Алеша подал ему маленькое складное кругленькое зеркальце,
стоявшее на комоде. Старик погляделся в него: распух довольно сильно нос, и на
лбу над левою бровью был значительный багровый подтек.
– Что говорит Иван? Алеша, милый, единственный сын мой, я
Ивана боюсь; я Ивана больше, чем того, боюсь. Я только тебя одного не боюсь…
– Не бойтесь и Ивана, Иван сердится, но он вас защитит.
– Алеша, а тот-то? К Грушеньке побежал! Милый ангел, скажи
правду: была давеча Грушенька али нет?
– Никто ее не видал. Это обман, не была!
– Ведь Митька-то на ней жениться хочет, жениться!
– Она за него не пойдет.
– Не пойдет, не пойдет, не пойдет, не пойдет, ни за что не
пойдет!.. – радостно так весь и встрепенулся старик, точно ничего ему не могли
сказать в эту минуту отраднее. В восхищении он схватил руку Алеши и крепко
прижал ее к своему сердцу. Даже слезы засветились в глазах его. – Образок-то,
Божией-то матери, вот про который я давеча рассказал, возьми уж себе, унеси с
собой. И в монастырь воротиться позволяю… давеча пошутил, не сердись. Голова
болит, Алеша… Леша, утоли ты мое сердце, будь ангелом, скажи правду!

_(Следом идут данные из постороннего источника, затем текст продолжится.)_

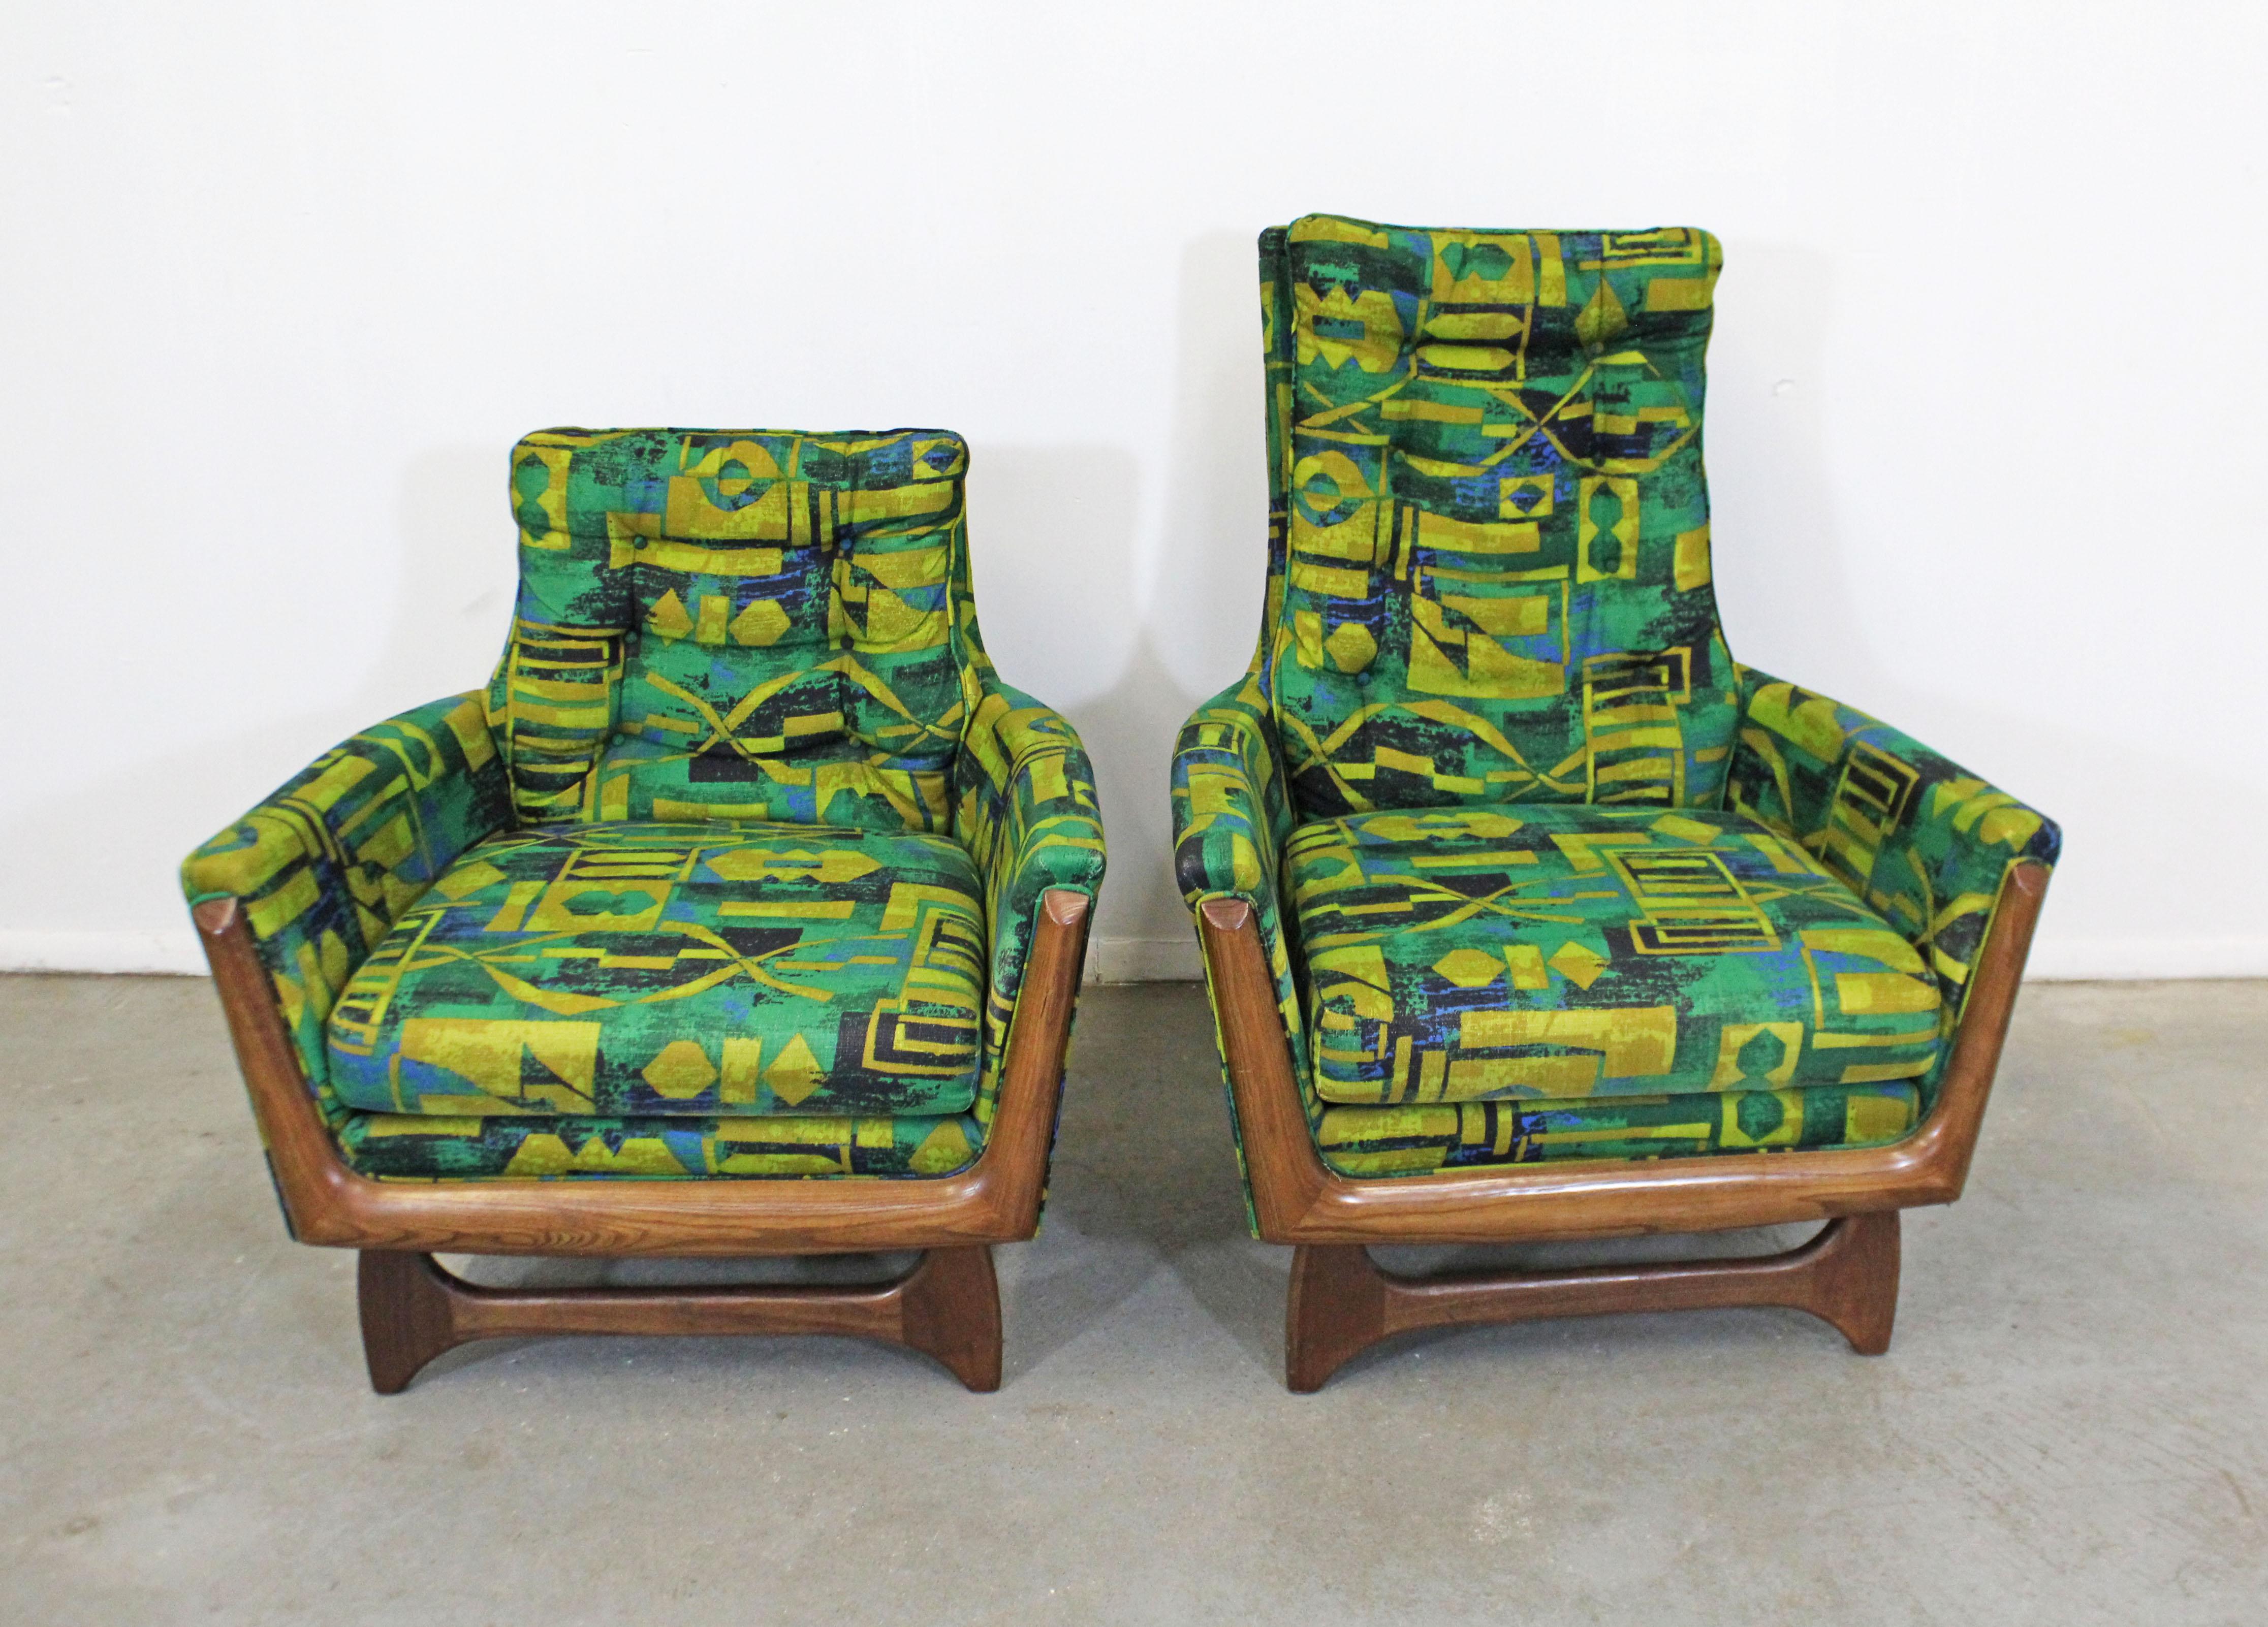 Offered is a pair of gorgeous Mid-Century Modern lounge chairs similar to the style of Adrian Pearsall. Absolutely incredible lines on these chairs. Features original upholstery with tufted back cushions. Includes arm covers. They are in good

– Вы все про то: была ли она или не была? – горестно
проговорил Алеша.
– Нет, нет, нет, я тебе верю, а вот что: сходи ты к
Грушеньке сам аль повидай ее как; расспроси ты ее скорей, как можно скорей,
угадай ты сам своим глазом: к кому она хочет, ко мне аль к нему? Ась? Что?
Можешь аль не можешь?
– Коль ее увижу, то спрошу, – пробормотал было Алеша в
смущении.
– Нет, она тебе не скажет, – перебил старик, – она егоза.
Она тебя целовать начнет и скажет, что за тебя хочет. Она обманщица, она
бесстыдница, нет, тебе нельзя к ней идти, нельзя!
– Да и нехорошо, батюшка, будет, нехорошо совсем.
– Куда он посылал-то тебя давеча, кричал: «Сходи», когда
убежал?
– К Катерине Ивановне посылал.
– За деньгами? Денег просить?
– Нет, не за деньгами.
– У него денег нет, нет ни капли. Слушай, Алеша, я полежу
ночь и обдумаю, а ты пока ступай. Может, и ее встретишь… Только зайди ты ко мне
завтра наверно поутру; наверно. Я тебе завтра одно словечко такое скажу;
зайдешь?
– Зайду.
– Коль придешь, сделай вид, что сам пришел, навестить
пришел. Никому не говори, что я звал. Ивану ни слова не говори.
– Хорошо.
– Прощай, ангел, давеча ты за меня заступился, век не
забуду. Я тебе одно словечко завтра скажу… только еще подумать надо…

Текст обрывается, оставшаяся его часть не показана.